### EXERCISE GOAL
The output should match, line for line, the records from the line containing "Виниловая пластинка Armstrong, Louis, Collected" through the line containing "PS4 Pro Surpreende", with every picture left out.
:: INPUT RECORDS
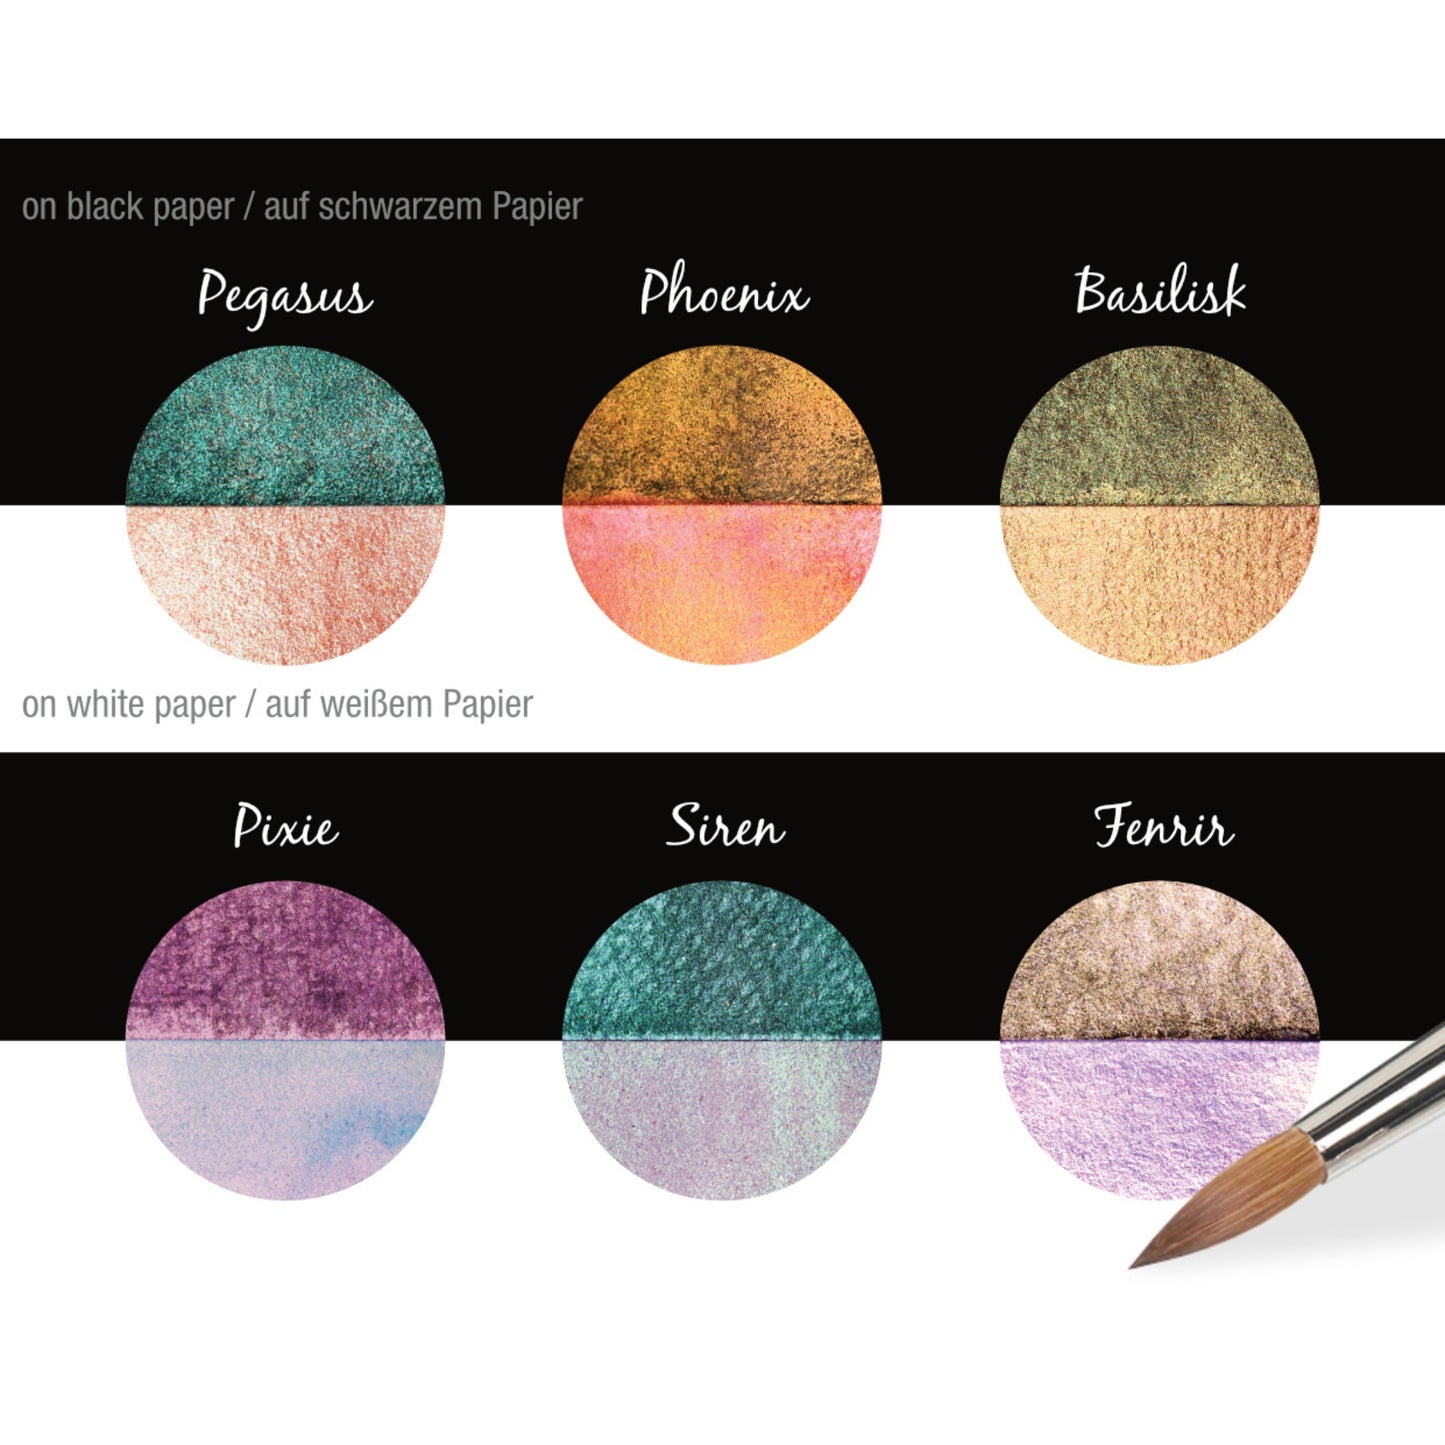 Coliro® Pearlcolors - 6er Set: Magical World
::::
:: INPUT RECORDS
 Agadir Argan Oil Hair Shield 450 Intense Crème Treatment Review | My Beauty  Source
::::
:: INPUT RECORDS
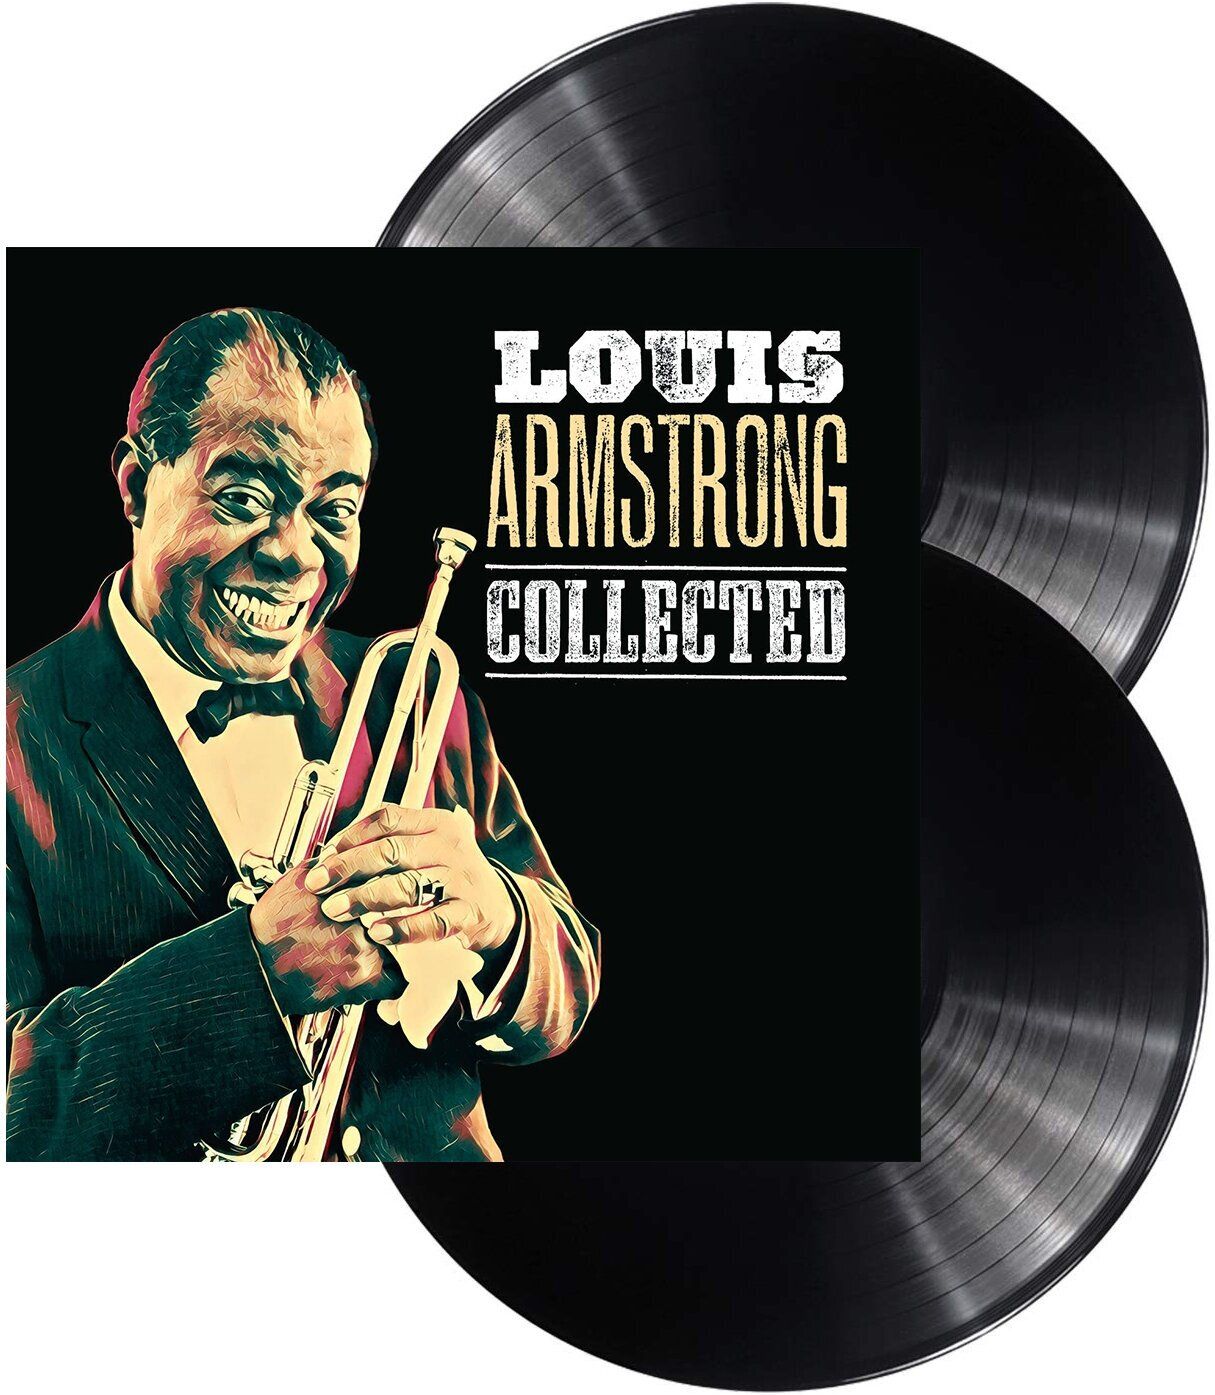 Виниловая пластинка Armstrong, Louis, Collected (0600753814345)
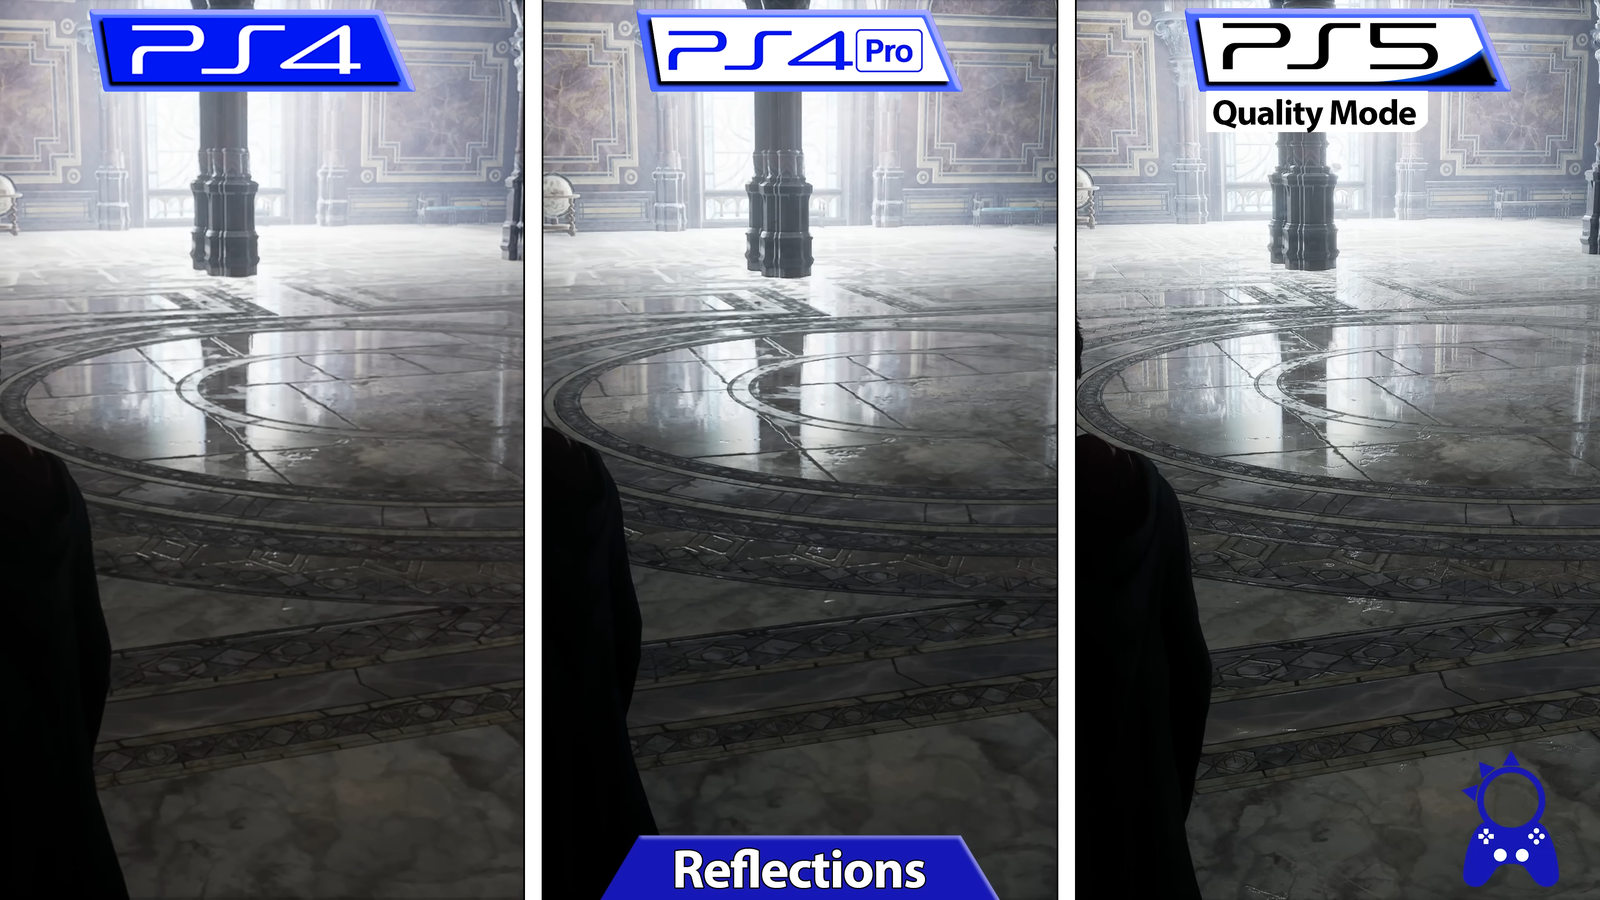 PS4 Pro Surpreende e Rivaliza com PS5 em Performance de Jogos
::::
### RESPONSE BELOW
 Виниловая пластинка Armstrong, Louis, Collected (0600753814345)
 PS4 Pro Surpreende e Rivaliza com PS5 em Performance de Jogos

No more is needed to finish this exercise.